1. Jul 19, 2006

### yellowduck

This should be easy but I feel there is something I am mission

I need to write the net ionic equations and then add #1 & #2 and compare to #3.

Equation #1 - write net ionic equation for dissolution of solid NaOH in water
Equation: NaOH (s) + H2O --> Na+ (aq) + OH- (aq) + H2O (l)
Net: NaOH (s) --> Na+ (aq) + OH- (aq)
(it says in the book to seperate strong bases such as NaOH but if I do all ions cancel out???)

Equation #2 - write net ionic equation for aqueous soloutions of NaOH & HCl
Equation: NaOH (aq) + HCl (aq) ---> NaCl (aq) + H2O (l)
Net: OH- (aq) + H+ (aq) --> H2O (l)

Equation 3: Solid NaOH and aqueous HCl
Equation: NaOH (s) + HCl (aq) ---> NaCl (aq) + H2O
OH- (s) + H+ (aq) --> H2O (l)

This is where I get lost. I think it should be net equation #2. The difference is in the solid/aqueous state.

thanks

2. Jul 19, 2006

### PPonte

$$NaOH \text{(s)} + OH^- \text{(aq)} + H^+ \text{(aq)} \longrightarrow Na^+ \text{(aq)} + OH^- \text{(aq)} + H_2O \text{(l)}$$

2. Delete the common compounds on both members of the equation.

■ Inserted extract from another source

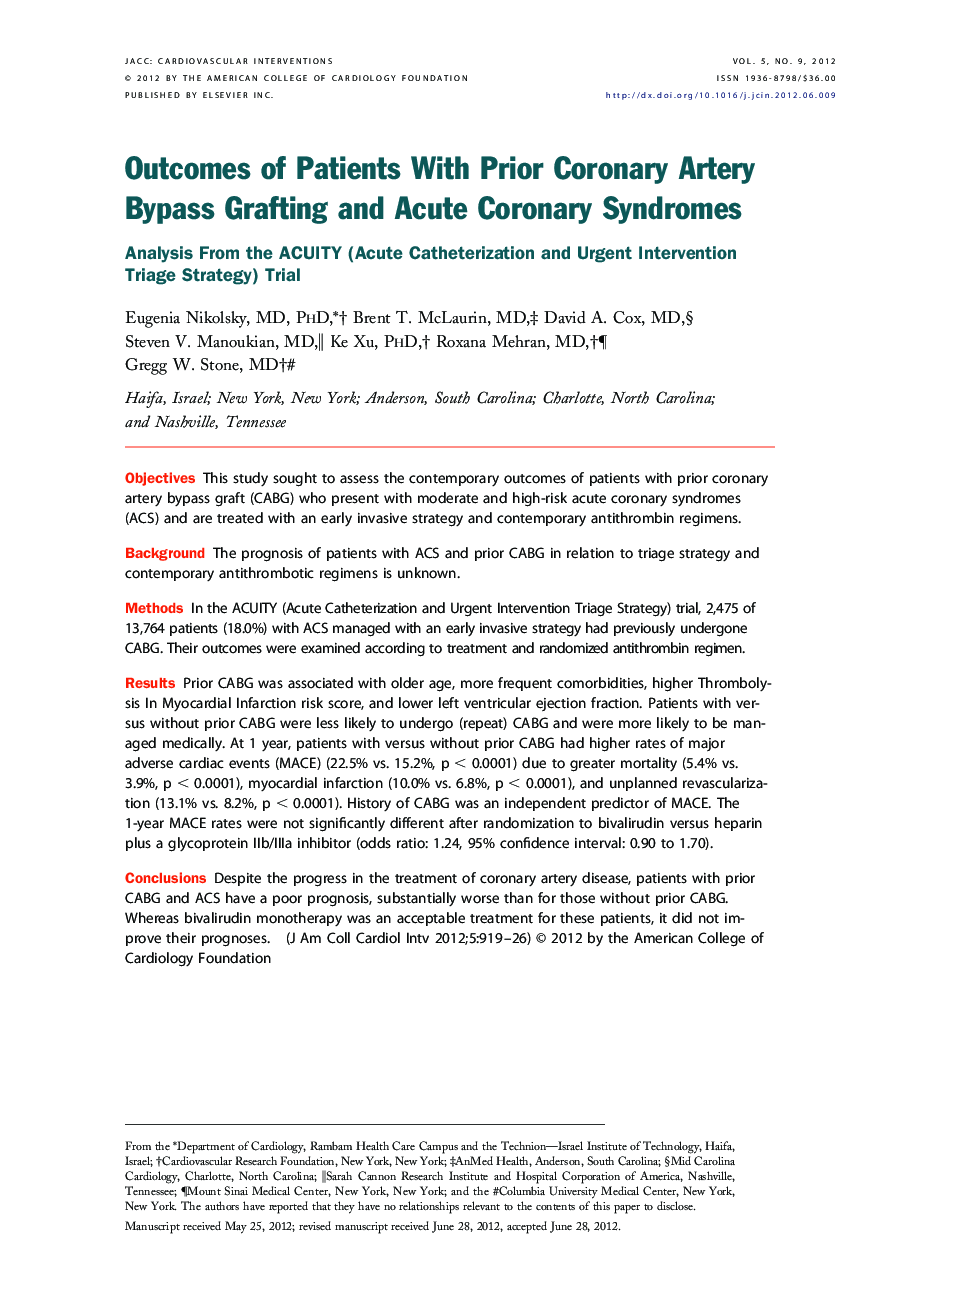 Outcomes of Patients With Prior Coronary Artery Bypass Grafting and Acute Coronary Syndromes : Analysis From the ACUITY (Acute Catheterization and Urgent Intervention Triage Strategy) Trial

$$NaOH \text{(s)} + H^+ \text{(aq)} \longrightarrow Na^+ \text{(aq)} + H_2O \text{(l)}$$

Last edited by a moderator: Jul 19, 2006
3. Jul 19, 2006

### yellowduck

Is it possible that I have equation #3 wrong.

4. Jul 19, 2006

### PPonte

You have #3 correct, I think.

5. Jul 20, 2006

### sdekivit

Solid NaOH in HCl-solution. The HCl-solution contains $$H^{+}$$ and $$Cl^{-}$$ but the solid is just NAOH. So the reaction at 3 should be:

$$NaOH(s) + H^{+} \rightarrow Na^{+} + H_{2}O$$

6. Aug 6, 2006

### dissolver

So if it states solid, then you must write out the entire formula even in the net ionic equation (because it is infered that the solid is not dissolved in the solution)?